Every line in the entries where "Stock" is found should be copied.

[Data shown — start]

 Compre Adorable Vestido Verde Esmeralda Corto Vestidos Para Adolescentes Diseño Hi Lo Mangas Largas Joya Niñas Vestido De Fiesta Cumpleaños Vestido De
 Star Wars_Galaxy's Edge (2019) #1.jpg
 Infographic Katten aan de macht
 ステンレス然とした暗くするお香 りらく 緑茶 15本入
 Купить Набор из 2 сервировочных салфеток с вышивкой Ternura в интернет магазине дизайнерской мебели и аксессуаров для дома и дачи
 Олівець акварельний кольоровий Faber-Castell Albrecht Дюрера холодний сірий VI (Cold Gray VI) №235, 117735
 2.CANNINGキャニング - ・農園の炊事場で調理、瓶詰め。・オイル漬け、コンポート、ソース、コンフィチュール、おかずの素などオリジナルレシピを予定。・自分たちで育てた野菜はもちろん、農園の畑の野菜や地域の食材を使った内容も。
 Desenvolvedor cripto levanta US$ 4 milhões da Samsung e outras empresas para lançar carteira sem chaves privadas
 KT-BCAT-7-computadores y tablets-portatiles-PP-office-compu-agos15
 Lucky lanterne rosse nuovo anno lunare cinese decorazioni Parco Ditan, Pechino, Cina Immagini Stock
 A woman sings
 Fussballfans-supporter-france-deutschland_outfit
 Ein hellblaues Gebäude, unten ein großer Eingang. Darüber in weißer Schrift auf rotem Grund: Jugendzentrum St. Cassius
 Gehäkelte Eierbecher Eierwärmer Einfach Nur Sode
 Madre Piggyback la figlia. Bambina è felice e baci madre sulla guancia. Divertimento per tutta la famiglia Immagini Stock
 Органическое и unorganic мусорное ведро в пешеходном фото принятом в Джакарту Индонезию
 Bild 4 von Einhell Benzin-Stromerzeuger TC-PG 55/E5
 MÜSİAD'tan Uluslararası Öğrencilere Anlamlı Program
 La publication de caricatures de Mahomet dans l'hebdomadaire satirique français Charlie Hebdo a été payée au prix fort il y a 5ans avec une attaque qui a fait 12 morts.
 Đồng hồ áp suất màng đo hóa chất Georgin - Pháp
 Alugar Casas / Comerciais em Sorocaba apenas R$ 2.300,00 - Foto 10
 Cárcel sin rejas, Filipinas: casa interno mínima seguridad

[Data shown — finish]

Task solution
 Lucky lanterne rosse nuovo anno lunare cinese decorazioni Parco Ditan, Pechino, Cina Immagini Stock
 Madre Piggyback la figlia. Bambina è felice e baci madre sulla guancia. Divertimento per tutta la famiglia Immagini Stock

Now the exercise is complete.